Start of Block

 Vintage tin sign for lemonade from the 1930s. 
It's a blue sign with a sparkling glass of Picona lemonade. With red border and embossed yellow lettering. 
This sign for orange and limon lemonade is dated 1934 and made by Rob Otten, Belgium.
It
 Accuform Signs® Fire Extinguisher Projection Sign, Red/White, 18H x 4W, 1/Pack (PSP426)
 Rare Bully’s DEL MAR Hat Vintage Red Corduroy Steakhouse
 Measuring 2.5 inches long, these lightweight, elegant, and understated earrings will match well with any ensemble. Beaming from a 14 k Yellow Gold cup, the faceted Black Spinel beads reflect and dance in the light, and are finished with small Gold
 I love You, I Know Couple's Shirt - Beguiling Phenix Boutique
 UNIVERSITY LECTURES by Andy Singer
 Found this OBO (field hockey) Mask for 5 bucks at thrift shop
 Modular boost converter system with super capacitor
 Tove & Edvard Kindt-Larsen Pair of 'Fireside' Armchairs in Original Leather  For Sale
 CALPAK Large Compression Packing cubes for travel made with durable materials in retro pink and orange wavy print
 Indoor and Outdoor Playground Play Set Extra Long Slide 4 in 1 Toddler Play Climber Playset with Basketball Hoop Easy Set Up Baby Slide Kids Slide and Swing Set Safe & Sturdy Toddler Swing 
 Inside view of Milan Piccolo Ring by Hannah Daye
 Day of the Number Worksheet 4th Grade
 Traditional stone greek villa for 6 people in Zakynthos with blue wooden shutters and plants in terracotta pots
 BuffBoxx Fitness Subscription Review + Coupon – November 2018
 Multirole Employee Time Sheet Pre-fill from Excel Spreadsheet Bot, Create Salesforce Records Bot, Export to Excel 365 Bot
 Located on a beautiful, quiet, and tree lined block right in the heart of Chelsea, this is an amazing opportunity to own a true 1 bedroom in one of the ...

End of Block

INSTRUCTIONS FOR THE TASK >>
Please give an exact copy of the lines above, beginning with the line containing "CALPAK Large Compression" and running through the line containing "Inside view of", and of no other lines.

RESULT >>
 CALPAK Large Compression Packing cubes for travel made with durable materials in retro pink and orange wavy print
 Indoor and Outdoor Playground Play Set Extra Long Slide 4 in 1 Toddler Play Climber Playset with Basketball Hoop Easy Set Up Baby Slide Kids Slide and Swing Set Safe & Sturdy Toddler Swing 
 Inside view of Milan Piccolo Ring by Hannah Daye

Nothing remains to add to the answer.